Yesterday, I had a discussion with someone who is incredibly passionate about mentoring, and I came away from the meeting feeling inspired. I started thinking about why I love community so much, what it does, and going back to the conference where I felt my heart open from community and inspiration, it finally clicked. Community is about inspiration; it is about finding the inspiration to keep on going. And that can come from anyone at anytime.

But external inspiration is not enough. I have been watching a lot of TED talks, and they are incredibly inspiring, but they do not always spark that seed within me that makes me want to do something great; they do make me glad that others are doing great things, and that makes me less scared about our future, but I realized that we have something to learn from the “how” of yoga, from the concept of a guru. I must find the balance between strict guru-student and aimless wandering.

Your guru can be one person or many people, but what matters is that you are inspired to do what you love to do. It could be your longest-time friend who can remind you that you always wanted to be a veterinarian (what child did not?), and now you are a lawyer – leave it completely and find something new! It could also be your longest-time friend who reminds you that you always wanted to be a lawyer (yes, those people exist), and on your toughest days, remind you why you wanted to do law. If you still think you can fulfill the why while practicing law, you have your guru.

In short, your guru is anyone who reminds you about your inner guru – that voice that has motivated you and driven you since you were young and idealistic. So, like the yogis and others of old, who studied for years with one teacher, delving into ideas and striving to find enlightenment, I implore you to surround yourself with people who inspire you, who make you want to be great, who make you believe that you can achieve that state of “when you love what you do, you will never work a day in your life.”

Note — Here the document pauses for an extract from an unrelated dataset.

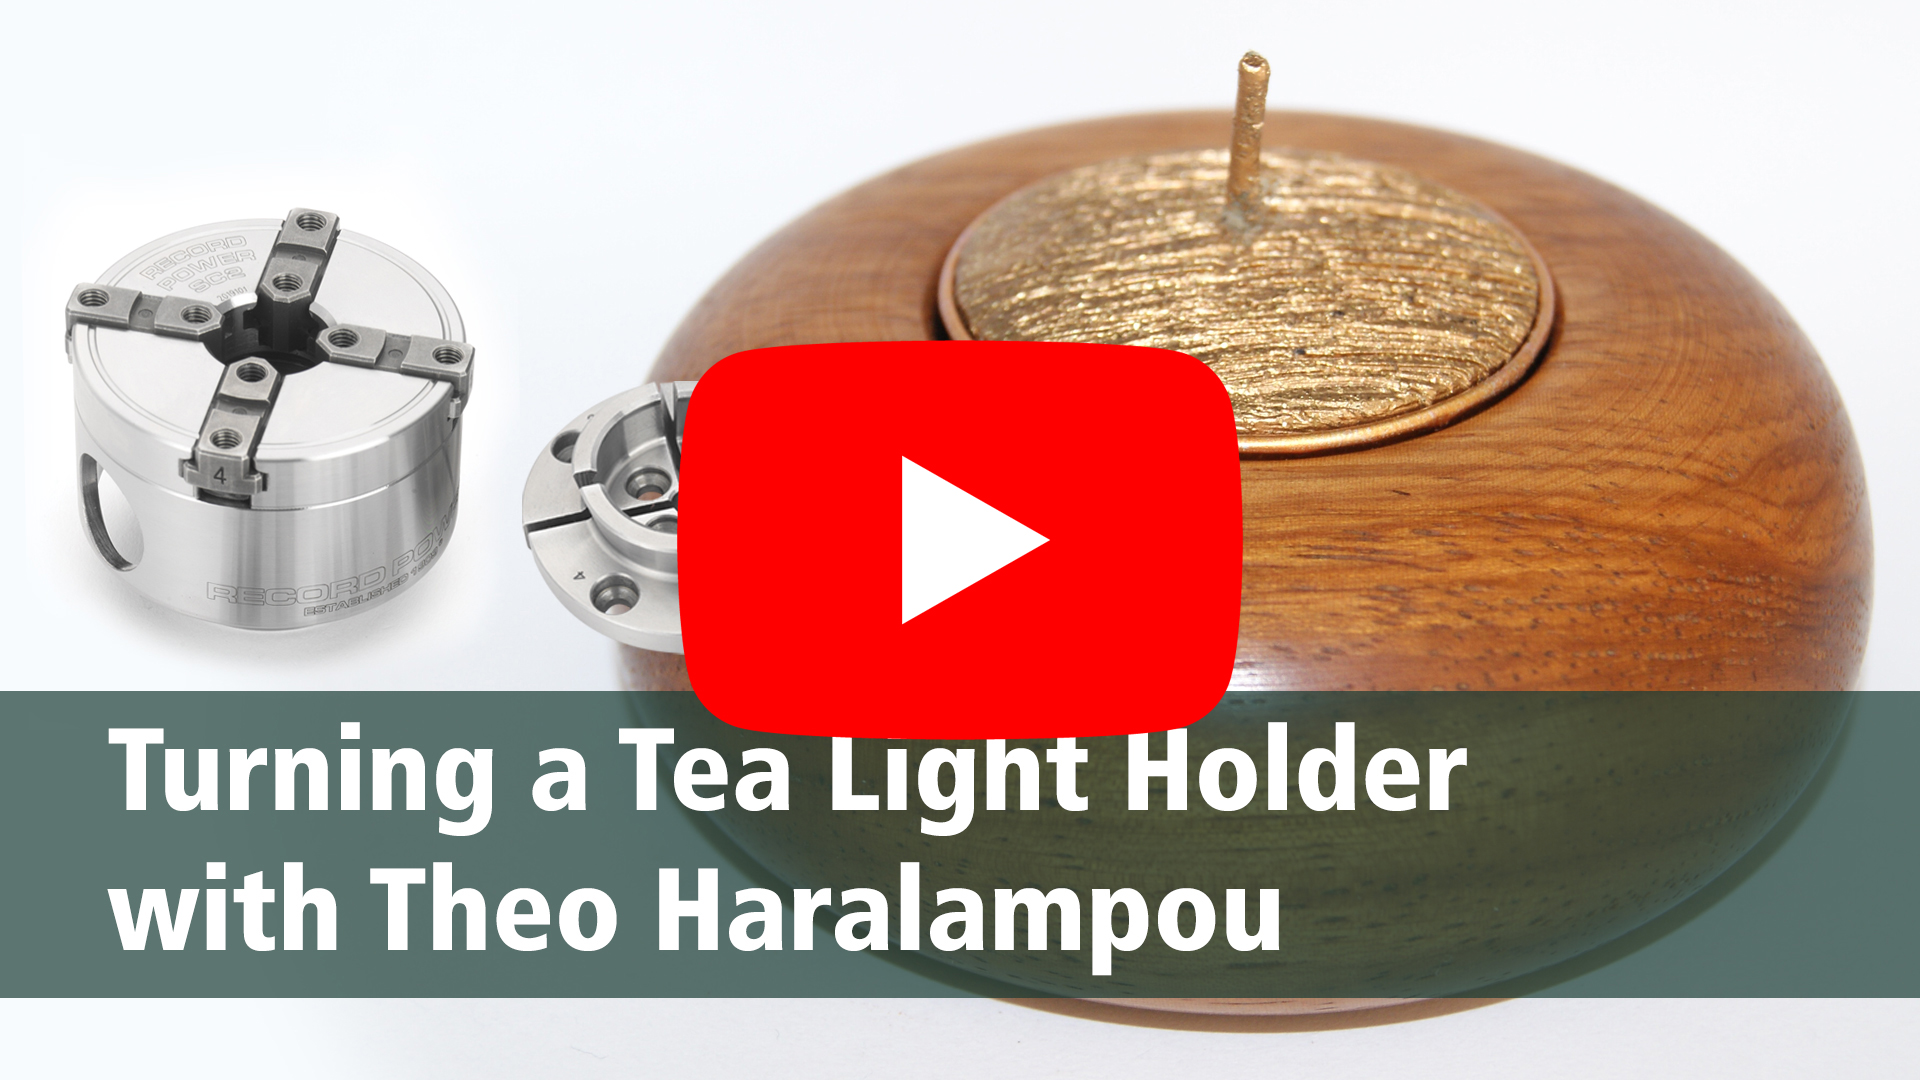 Mini Chucks Project 1 with Theo Haralampou - Turning a Tea Light Holder

Who are the people that inspire you to be your best?


© 2011 Rebecca Stahl, all rights reserved


  1. Oh yes, I completely agree, it is critical to surround ourselves with supporters rather than naysayers. I am infinitely influenced and inspired by my husband, god children, step children, children in general... and my teachers too... at pure yoga in NY and in India, they inspire me as well. Glad you asked.

  2. Claudia, what a wonderful list of amazing support and inspiration. And I agree - naysayers should be respectfully asked to leave our lives unless we can find ways to be their inspiration.

  3. I must say I have one consistent guru in my life-- my sister, Jane has believed in my art and in my work since I was quite young, proudly displaying my work on her walls when she was in college and even now in her office in NY. She inspires me with her courage, and encourages me with her devotion to beauty. and within the last 5 years, I have met a fabulous spirit of a Tai Chi teacher, who seems to say just what I need to hear, to focus me and re-focus my vision each week. Deb Adams is a wonderful guide on this journey of discovery each week! With those two dynamic women in my life, I feel so blessed. And now you Becca, in sharing your thoughts and own discoveries, have managed to keep me on track with this new phase of life. Thank you all for your generosity of spirit.

  4. Thanks, Toni. You have been one of my inspirations as well. And I am so glad that you have such inspiring people in your life. It sounds like they have truly lighted the passion within you. How wonderful and beautiful, and dare I say, inspiring!

  5. "In short, your guru is anyone who reminds you about your inner guru" -- I love this.

  6. I am blessed with a moral, and loving family. My parents taught me and my five brothers and sisters how to be strong in the face of adversity and challenges. Their guidance included "do your best so at the end of the day what more could you ask from yourself or this life?" I carried this message forward and raised my two children as my parents raised me. And they too are strong, smart, and loving.